The performance of modern computers is heavily influenced by how well they use the processor's memory cache. Going to main memory is a slow operation (from a processor's point of view); an operating system which forces main memory accesses too often will run slowly. One of the things the Linux kernel does to optimize cache use is to try to avoid moving processes between CPUs if it is likely that those processes have a fair amount of useful data in the cache. When a process moves, it leaves its cached data behind and must begin populating the new CPU's cache from the beginning. That repopulation requires memory accesses and slows things down.

The metric used by the kernel to decide whether moving a particular task is advisable is a scheduling domain parameter called cache_hot_time. If the process has run in the current processor within the "hot time," it is considered to have significant data in the cache and is not moved unnecessarily. In recent kernels, cache_hot_time for processors on non-NUMA, SMP systems is 2.5ms.

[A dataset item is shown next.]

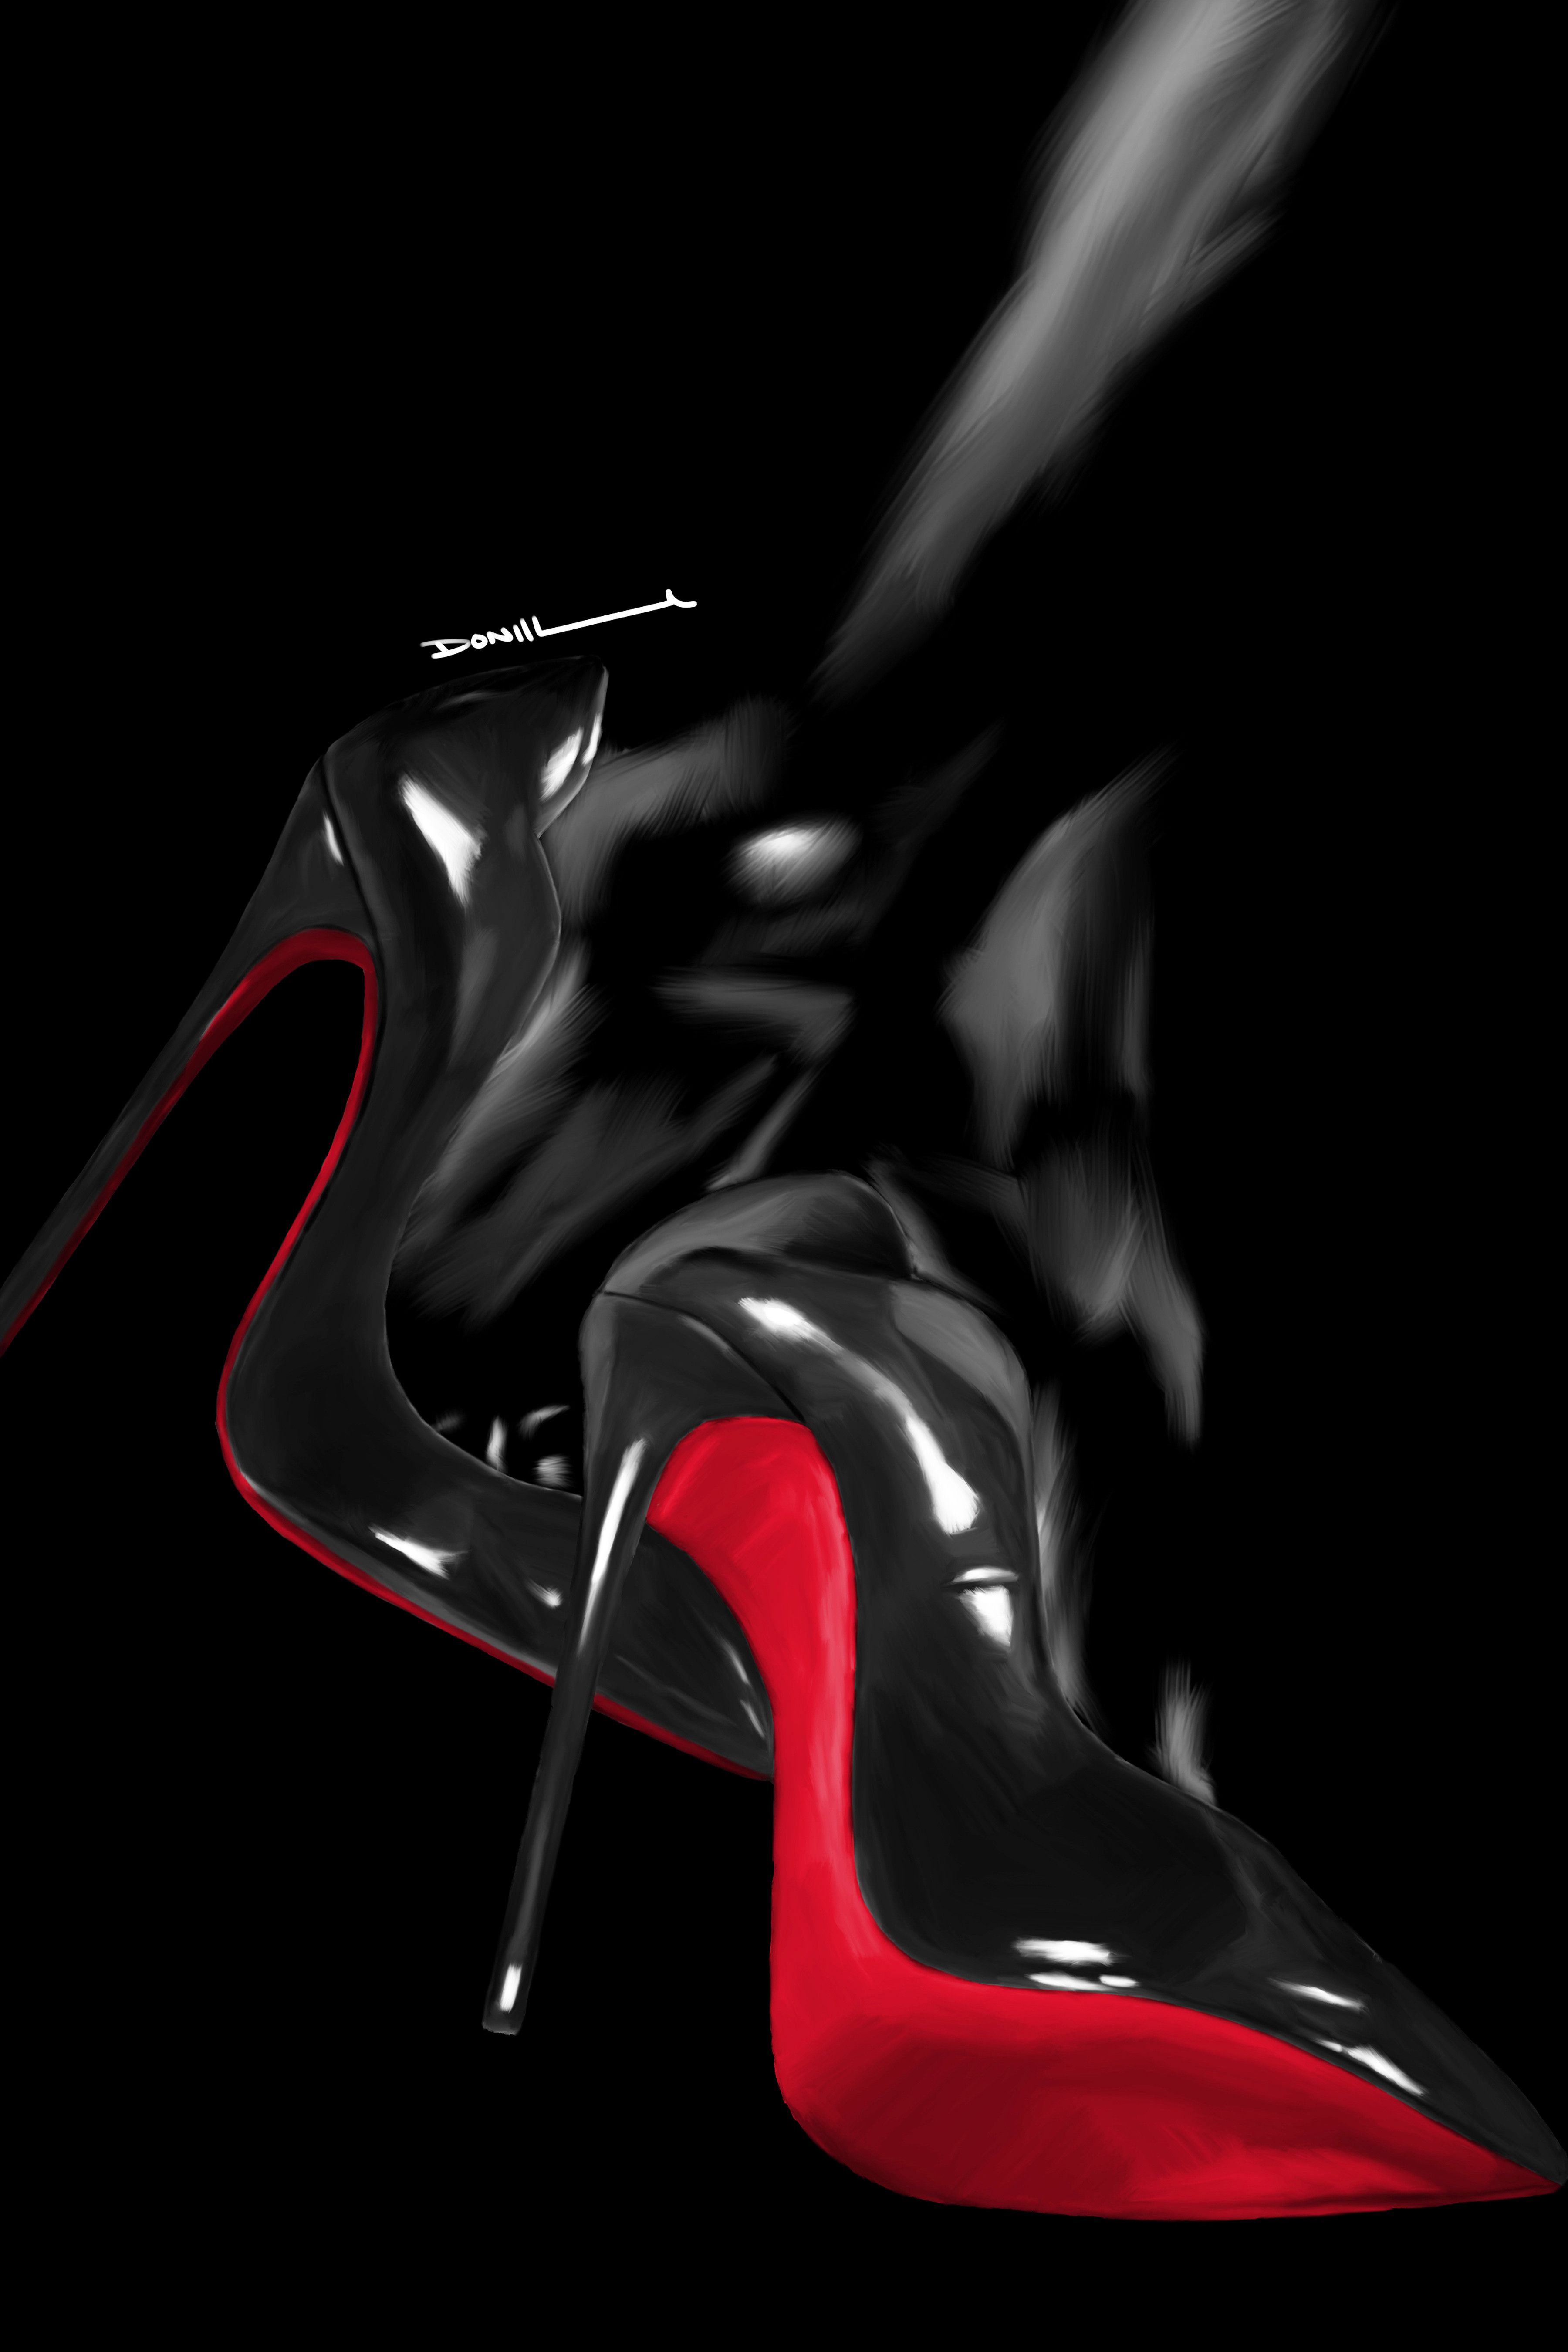 purchase this version here:
https://www.artstation.com/prints/art_poster/apqm/womens-red-and-black-high-heel-shoes-black-version

Kenneth Chen recently did some tests to see if that value makes sense. On his four-processor system, he found that workload throughput with a 2.5ms hot time was 12% below its peak level - which happens with a 10ms value. As it turns out, 10ms was once the default value for the cache hot time; Kenneth proposes that this value be restored. Others have, instead, suggested that a new tunable parameter be provided so that administrators could find and set the optimal value for their systems.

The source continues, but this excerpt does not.